I was able to reproduce your error when running the discovery analysis. I think that the Apple silicon Macs sometimes run out of memory when too many processors are in use. Anyway, I set n_processors = 3 in all functions in which I set parallel = TRUE, and this seemed to fix the problem. Would you mind giving that a try? There are other aspects of the analysis that might be good to discuss, but one step at a time. :)

redbybeing commented 8 months ago

Hi Tim- Quick update:

0.9.2 installed and it successfully computes response_p_mito from my data. I can see the covariate from object summary after running import_data().
Setting n_processors = 3 is letting my mac run run_calibration_check() so far. It's been running for an hour and it's about half done (total 17627 pairs).. It's using ~15 gb out of my 16 gb memory though so it's thrilling 😅
I am also running on cluster with parallel = FALSE. It's been running for 10 hrs... According to timestamps it took ~5 hrs to finish run_calibration_check() so I don't think setting parallel = FALSE on cluster is making things faster.. However, it did compute all 17627 of 17627 negative pairs though!

timothy-barry commented 8 months ago

Great!
Great! Hopefully this run completed.
OK, well it sounds like setting parallel = FALSE fixed the bug, which is helpful information.

timothy-barry commented 8 months ago

Hi Jiseok,

I made a small commit that should make using the parallel functionality a bit smoother based on our discussion. Thanks again for the feedback.

Did the script finish running on your local?
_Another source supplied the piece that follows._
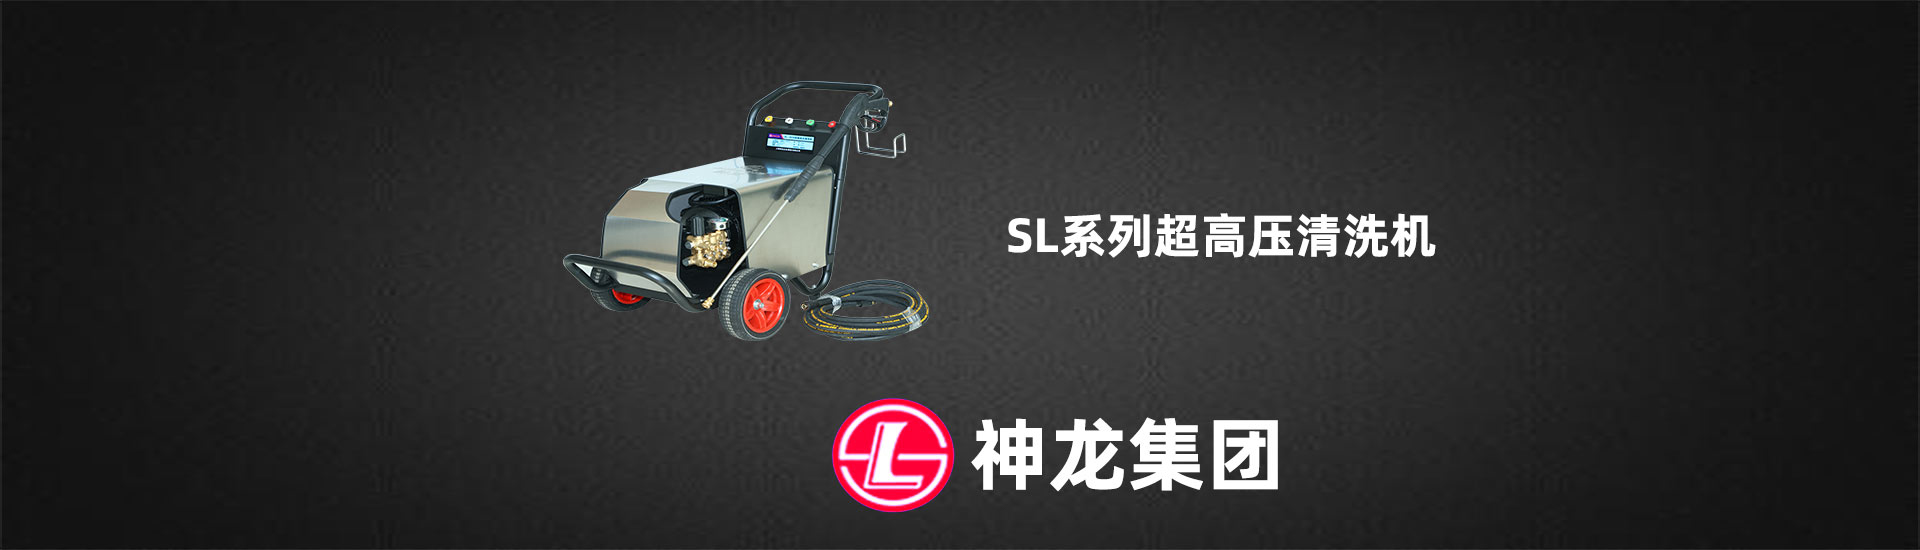 上海神龙企业（集团）有限公司-高压清洗机工厂-第一张幻灯大图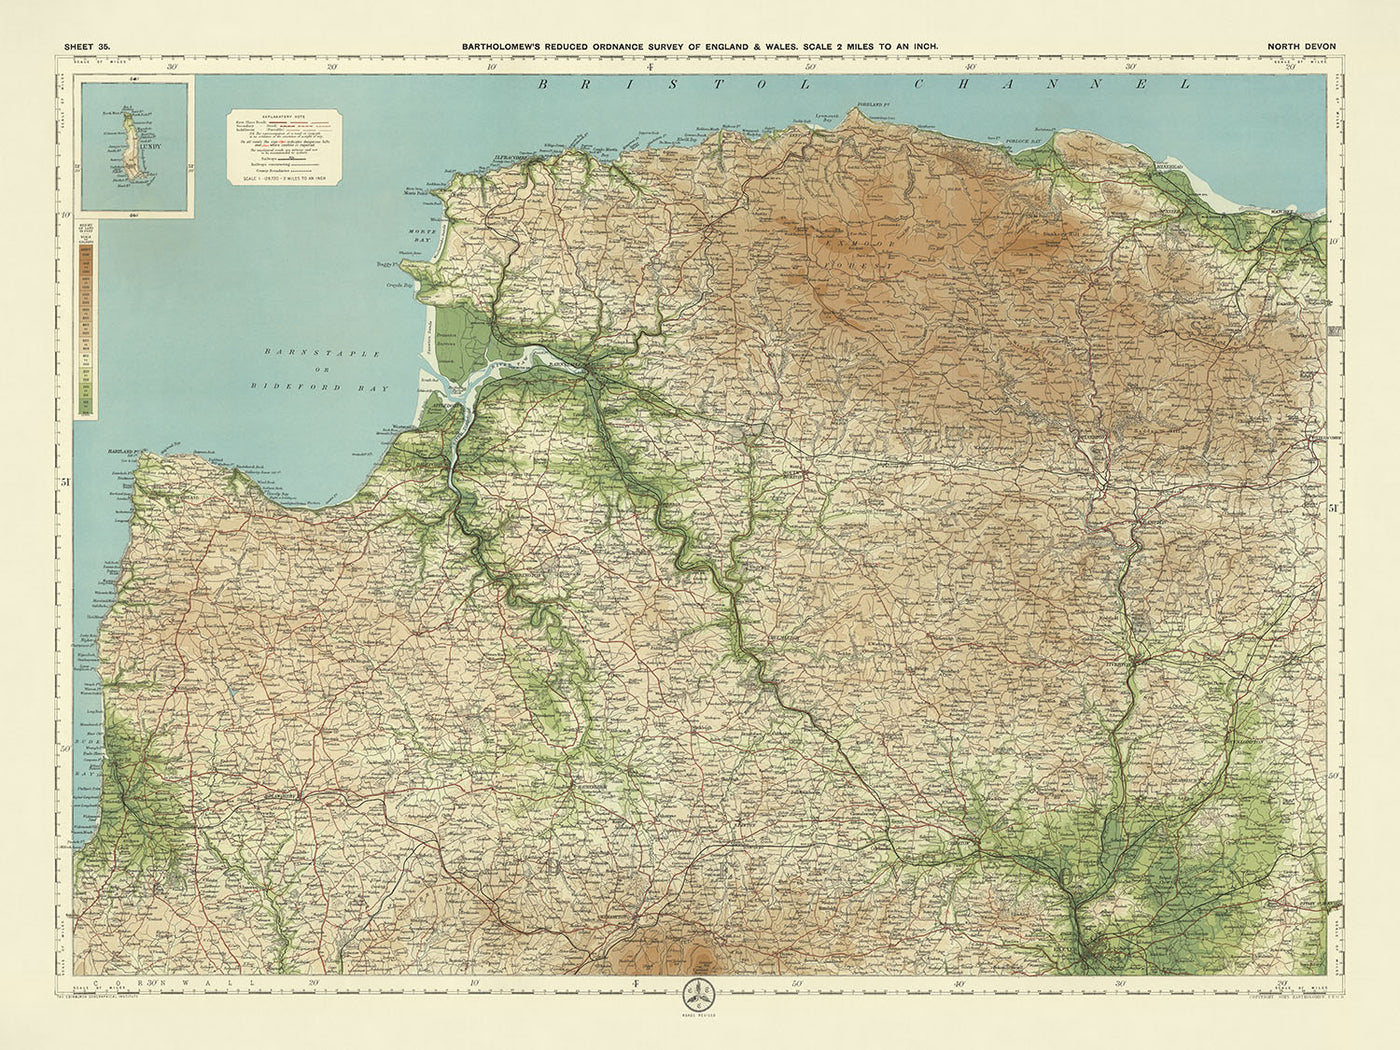 Old OS Map of North Devon by Bartholomew, 1901: Barnstaple, Exmoor, River Taw, Bideford Bay, Lundy Island

redbybeing commented 8 months ago

Hi Tim, good news!

sceptre finished running successfully on my local mac, took ~6 hrs total (which seems reasonable) without crashing and it computed all neg control pairs and QC-ed discovery pairs it should be computing. I uploaded the outputs in the same google drive folder under sceptre_outputs_localmac. I think until cluster-compatible sceptre is released, I will stick to running locally.
Is that small commit you mentioned for local running? So should I reinstall 0.9.2?
In my plot_run_discovery_analysis.png, why isn't it showing red dots for neg control pairs in QQ plot?
Are positive control pairs (e.g., Fxr1-Fxr1) part of the discovery result table if I didn't explicitly exclude them from discovery pairs?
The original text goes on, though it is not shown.